High Reality, High Noise
- How are people digesting Peter Magyar’s victory in the Hungarian elections? Not everyone is taking the right lessons here, and it’s still early days to understand what is happening (and what will happen in a new Hungary).
- Negin raises a flag about the lessons the New York Times editorial board appear to be taking about the campaign (spoiler alert: it’s primed to throw immigrants and other marginalized people under the bus).
- Cayden wants us to be vigilant about what lessons our own movements take from this election result; claim no easy victories!
- Negin takes issue with the kind of “conventional wisdom” from her Senator Elissa Slotkin that “what it takes to win in the middle of the country is different than what it takes to win on the coasts.”
- Cayden points out that we need to run progressive candidates in not conventionally progressive districts as a test of strength and to build our power and ability to win. Shoutout to Analilia Mejia for winning the House seat vacated by Mikie Sherrill as an example of this!
- AI-powered facial recognition is being used to deny food benefits to pregnant and post-partum people in India, and the story highlights a lot of the problems with devolving decisions to “AI.”
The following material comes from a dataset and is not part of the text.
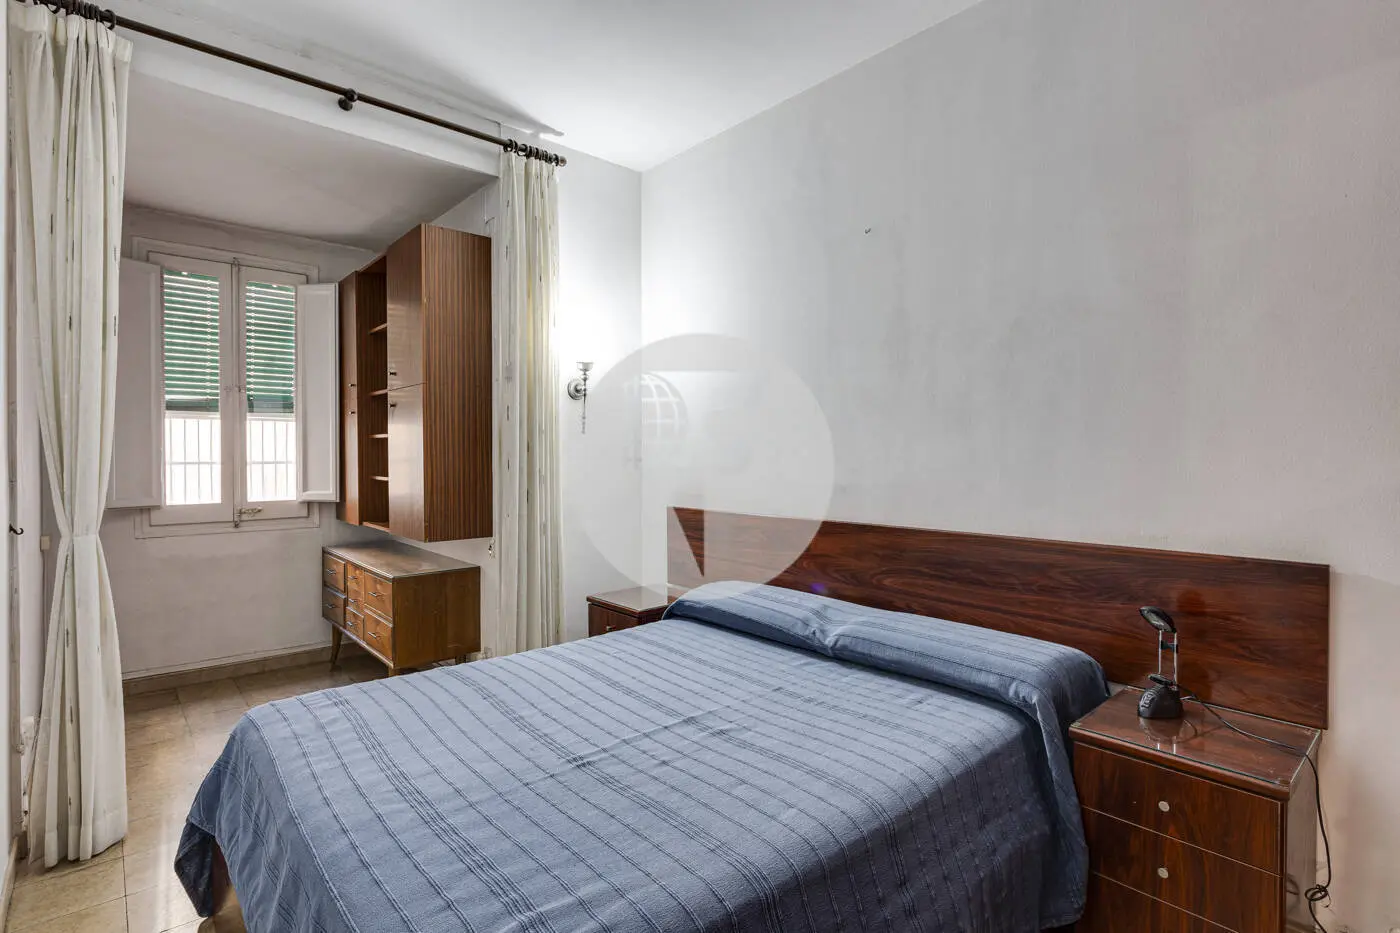 Piso de 3 habitaciones ubicado en el barrio de la Nova Esquerra de l'Eixample de Barcelona. 16

- Cayden points out that there are human decisions at every level of a program like this, but using AI allows us to pretend no one is accountable besides the machine.
- This isn’t just a tech failure: it’s a policy failure. Why not just give people the food they need?
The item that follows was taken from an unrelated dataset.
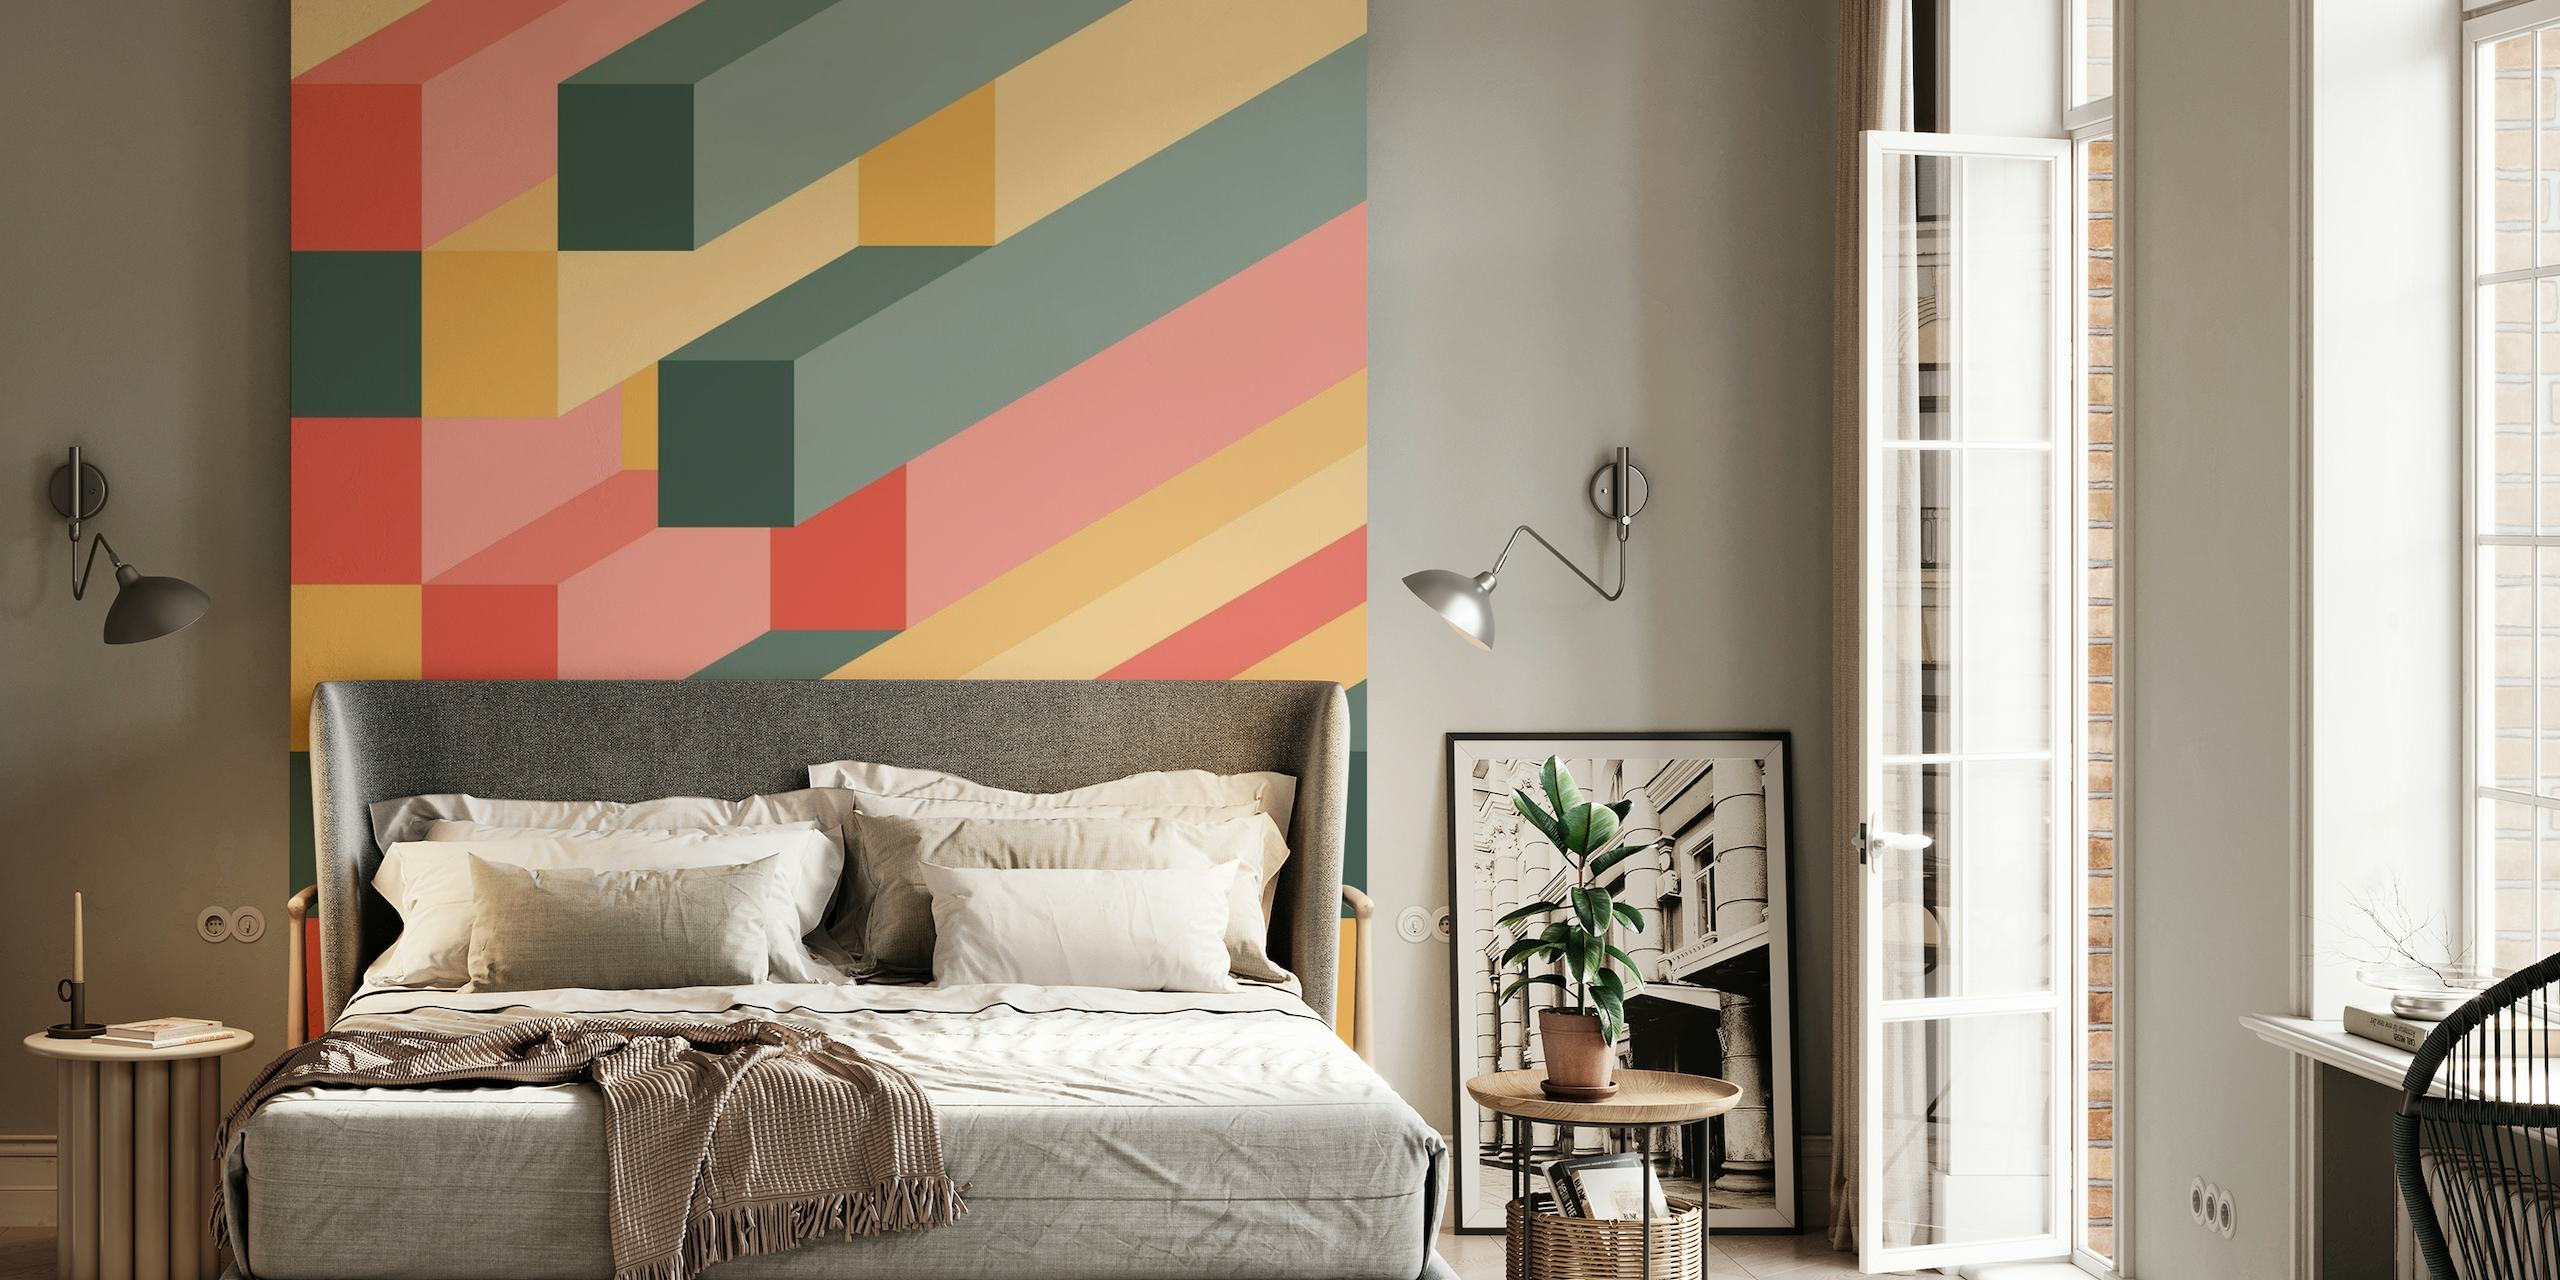 Wandbild mit isometrischen Blöcken und 3D-Würfeln in warmen Farbtönen

High Conspiracy, High Signal
- Is Brooklyn-based band Geese a psyop or nah? Wired repeated the hype from the band’s PR firm that claims to have been able to game the algorithm on TikTok to blow up their most recent (and critically acclaimed) album, Getting Killed.
- It’s actually really hard to “hack” social media algorithms like this, and what does it mean that a major tech publication just repeats the story that the PR people send them? Don’t just reprint what’s essentially a press release for a tech company!
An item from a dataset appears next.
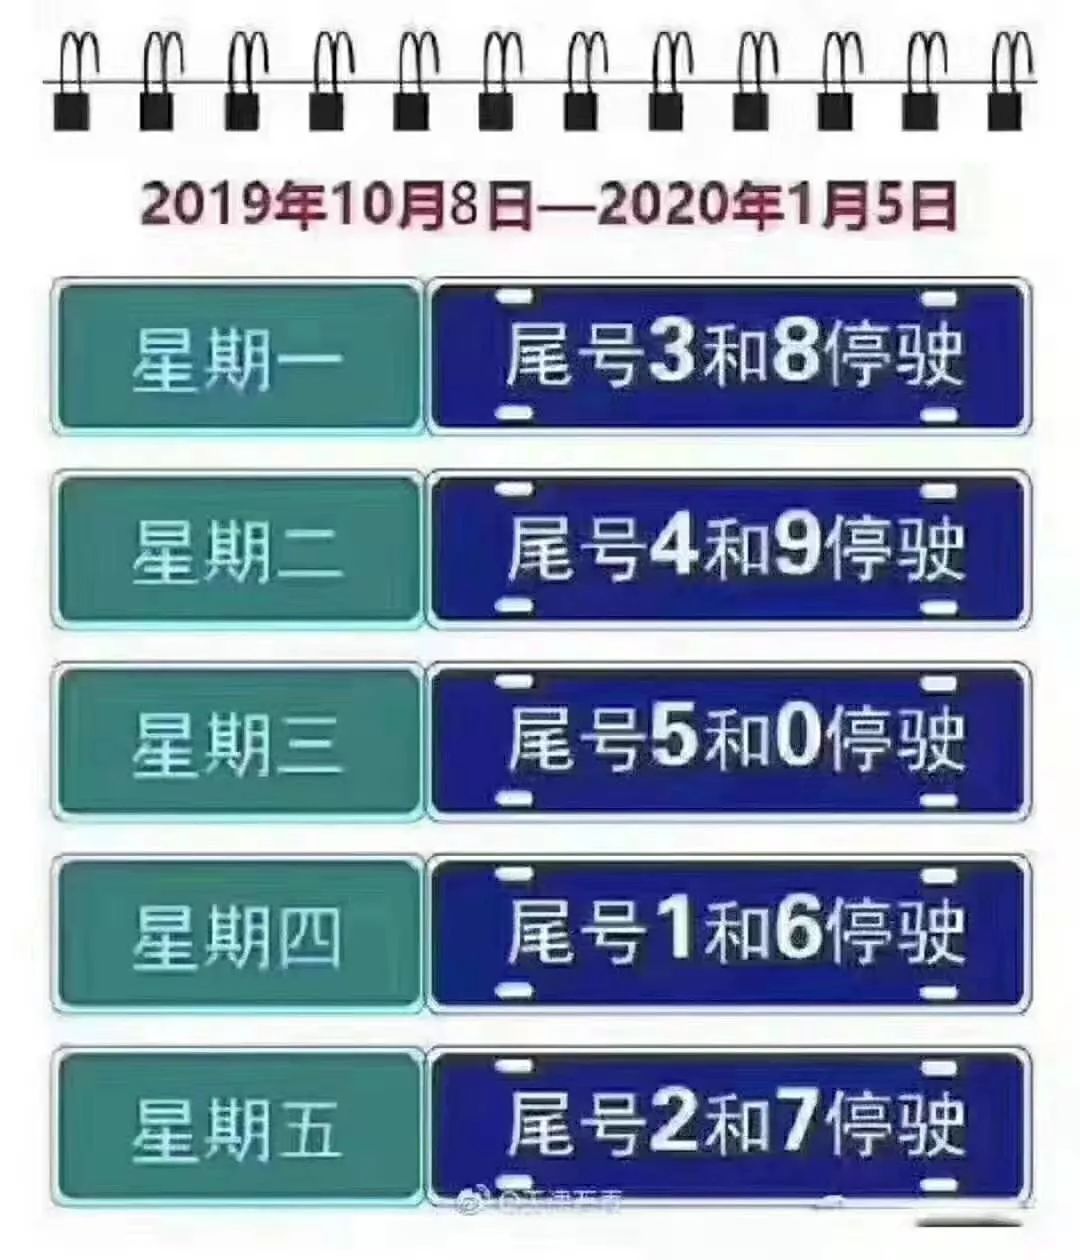 石家庄市:自2019年10月8日至2020年1月5日,星期一至星期五限行机动车

- Cayden thinks that in some ways this is a story about how we desire so badly to think we can control these algorithms on some level when our experience is of being controlled by them in terms of where our attention is focused.
High Conspiracy, High Noise
- The meme war over Iran has commenced, and maybe Iran is winning? AI-generated animated Lego meme videos are covering the internet and they’re pretty effective at narrating the war from the Iranian perspective.
- These videos literally repeat conspiracy theories alongside real happenings, like the Minab Girls’ School bombing.
- We also don’t know for 100% certain who is making these: they might be amplified by the Iranian state, but it’s unclear where they’re coming from.
- Cayden points out that not long ago people were abuzz about the far Right’s meme game, but the tables can turn very fast. We love it when someone trolls a troll.
- Erika Kirk is not suing Druski over his “How Conservative white women in America act” skit.
- Druski never said he was impersonating Kirk, but the internet certainly read it that way (including Grok, which inaccurately identified Druski as actual Erika Kirk).
- The litigiousness is super credible because the fakes are good and it makes sense that engagement farmers would use this story to grab and keep our attention. Negin points out that some of the credibility is because of what happened after Charlie Kirk was shot.
- Cayden wonders about the magnetism of Erika Kirk and our desire to share stories about her; Bridget points out Erika Kirk’s start was in reality TV, so she’s used to doing things to grab and keep our attention.